__WORK ORDER__: Word for word, restate the listing; omit the pictures.

__DATA__:
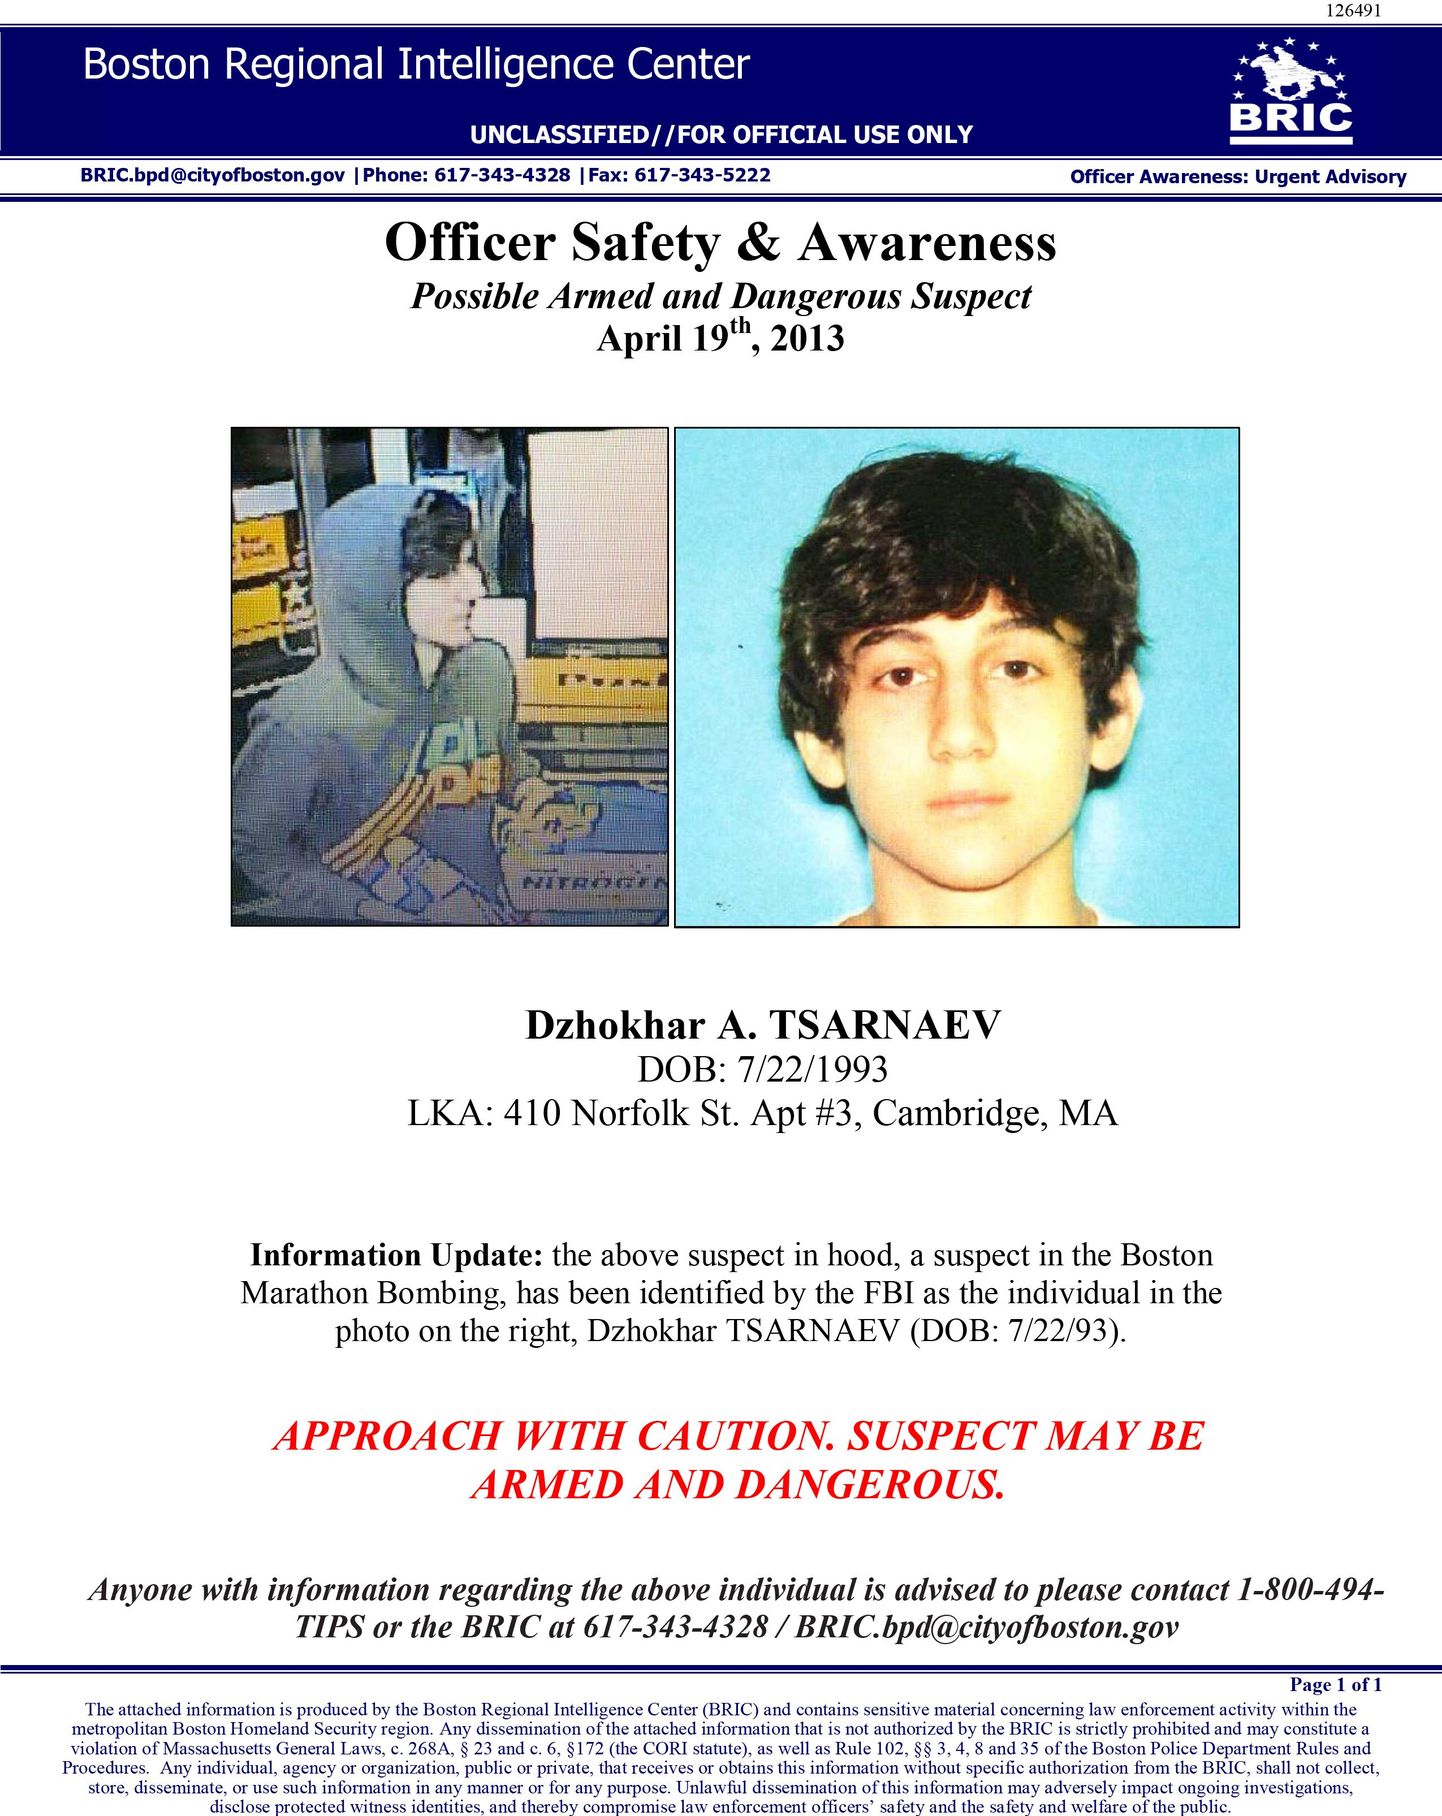 19-aastase Dzhokhar A. Tsarnaevi kohta edastatud teave politseijõududele
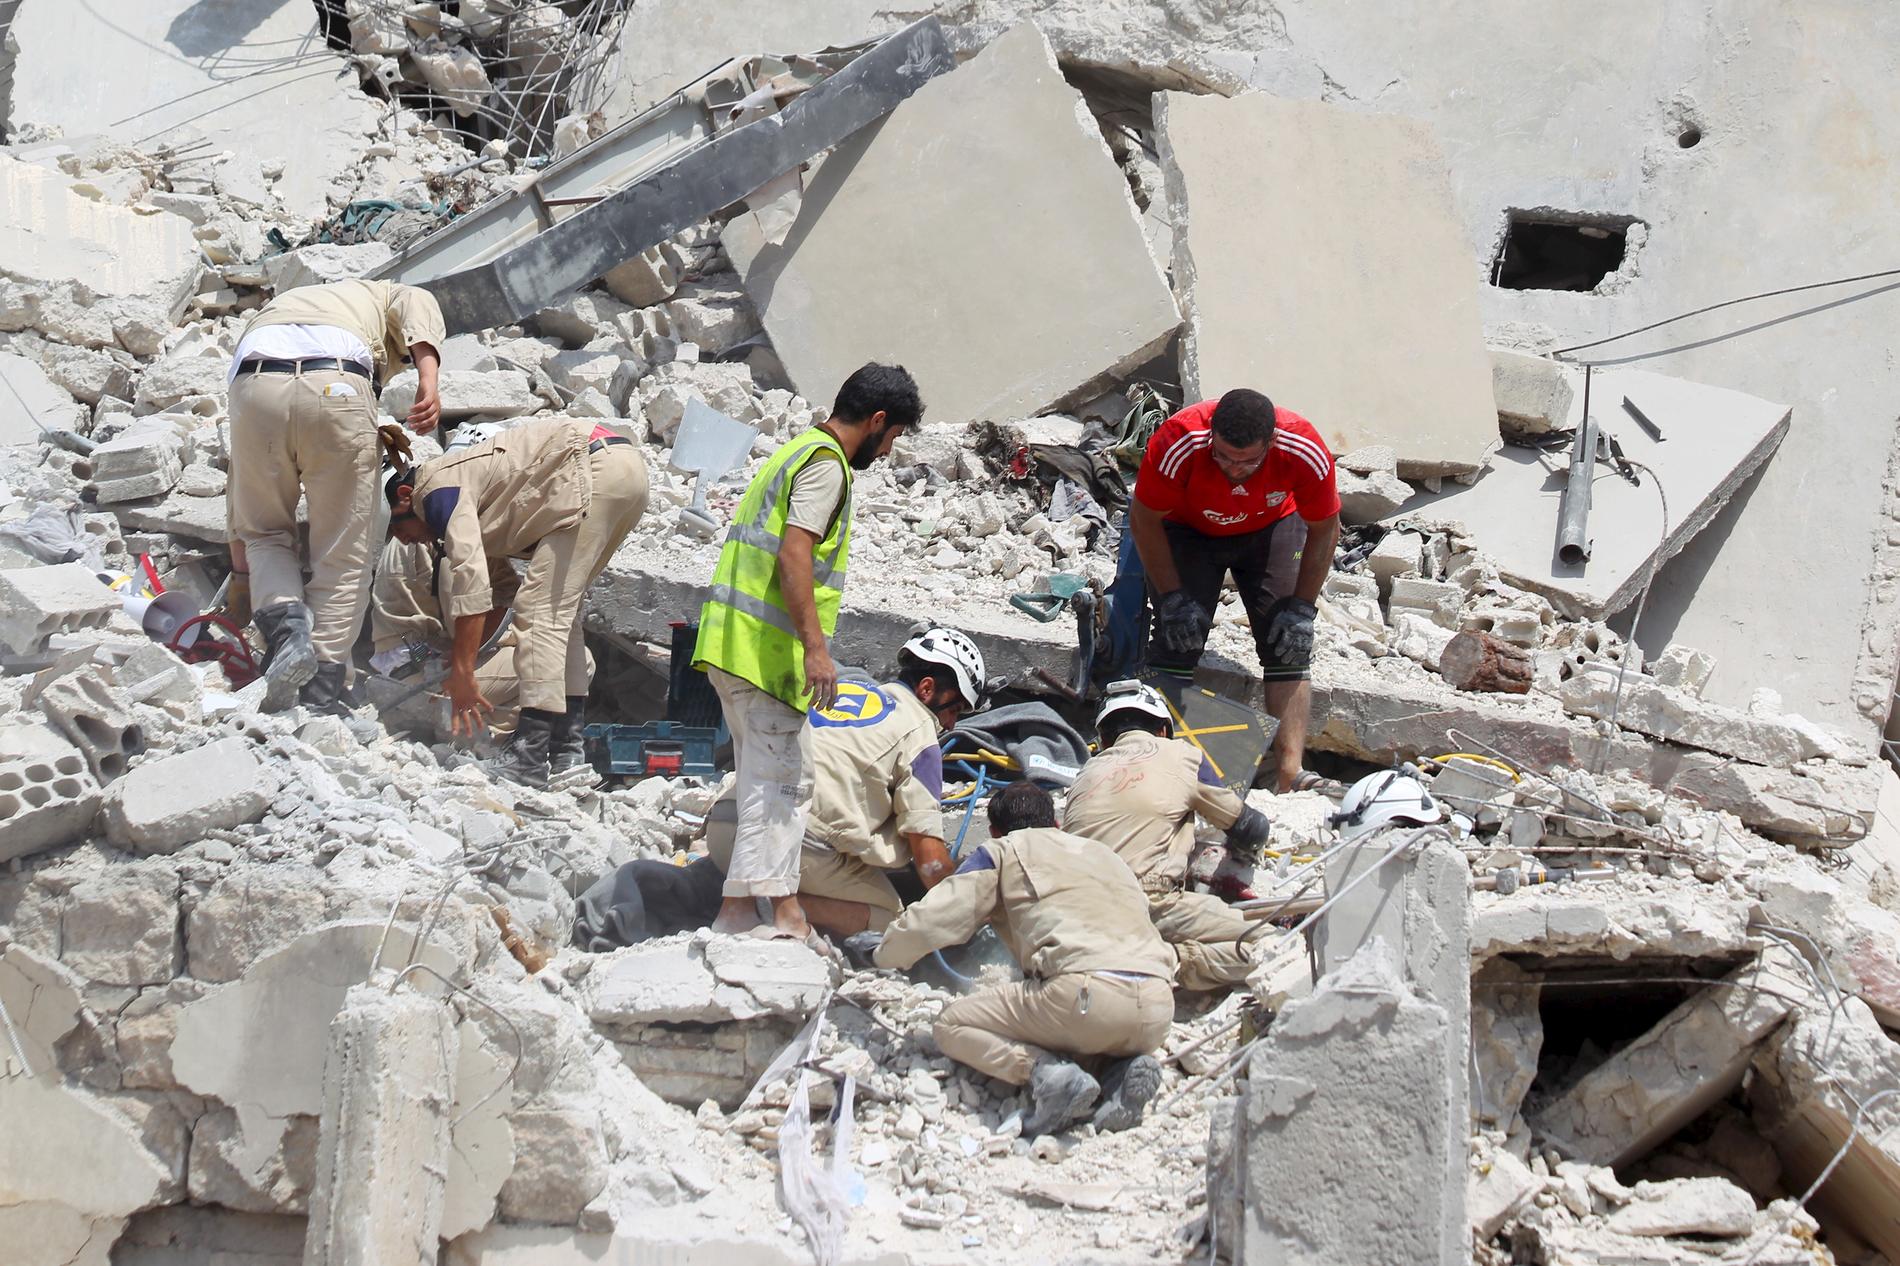 Minst 27 personer dog när det syriska stridsflygplanet kraschade.
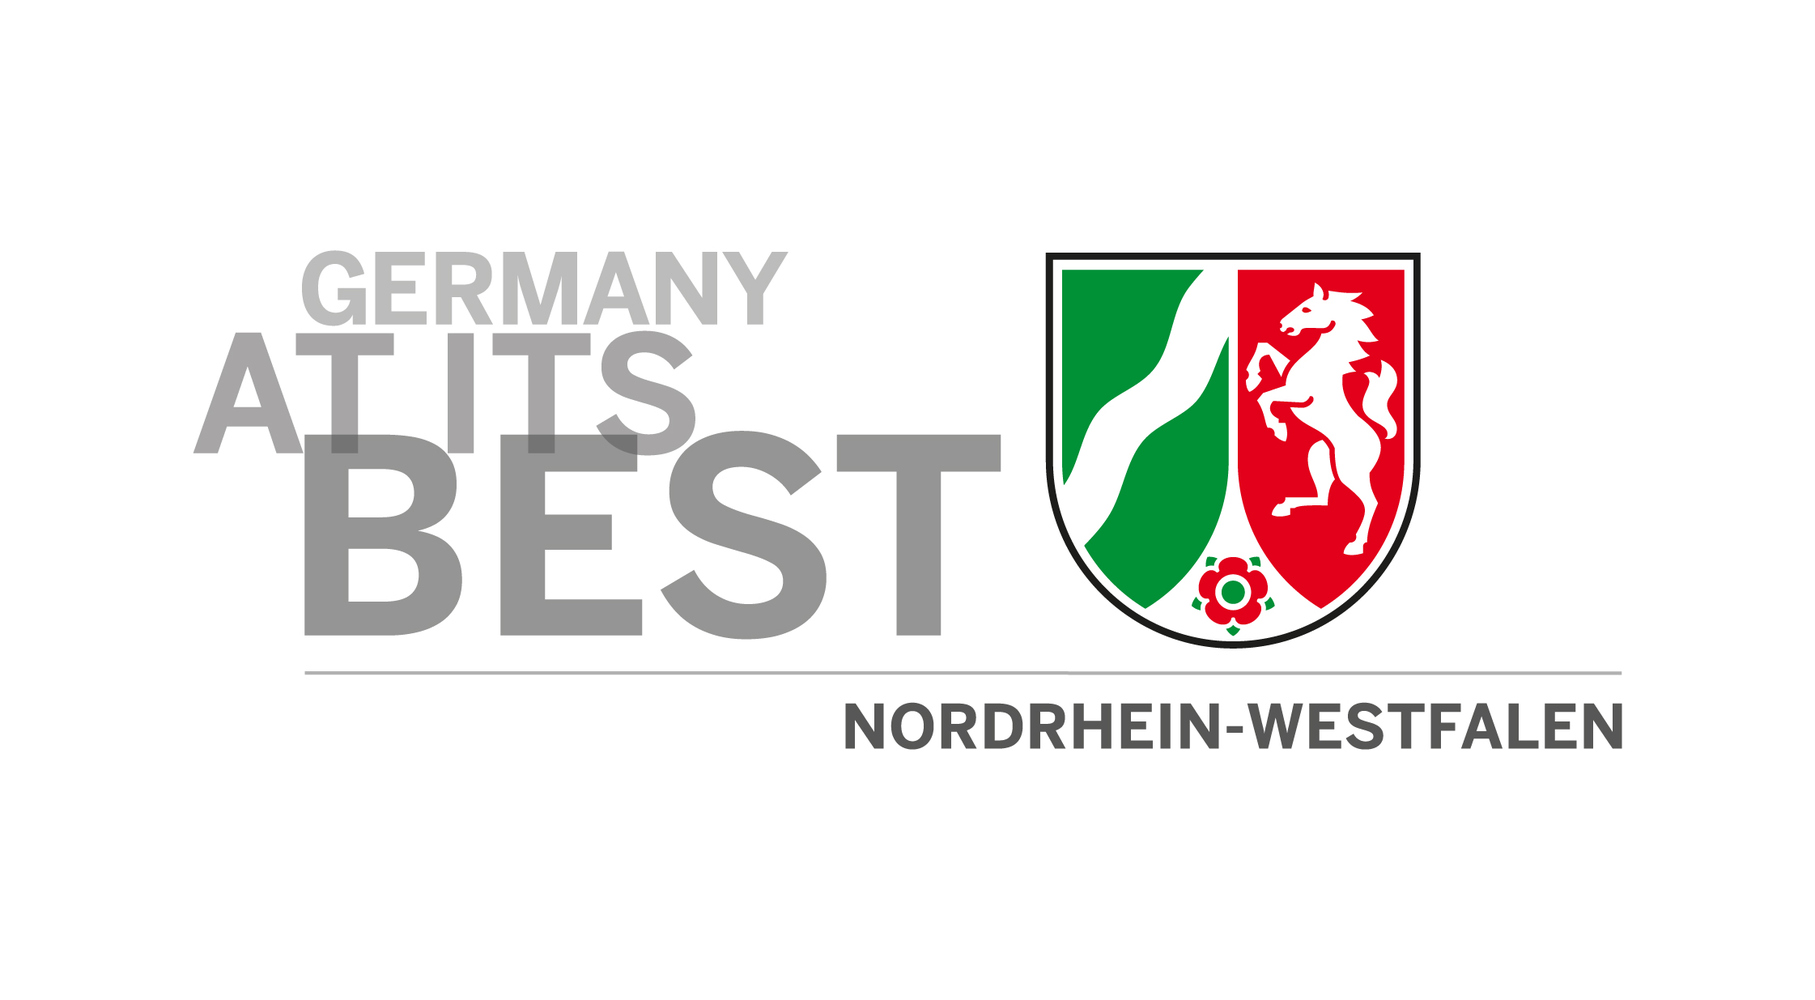 "Germany at its best: Nordrhein-Westfalen", die internationale Standortmarketingkampagne des Landes Nordrhein-Westfalen

__REPLY__:
 19-aastase Dzhokhar A. Tsarnaevi kohta edastatud teave politseijõududele
 Minst 27 personer dog när det syriska stridsflygplanet kraschade.
 "Germany at its best: Nordrhein-Westfalen", die internationale Standortmarketingkampagne des Landes Nordrhein-Westfalen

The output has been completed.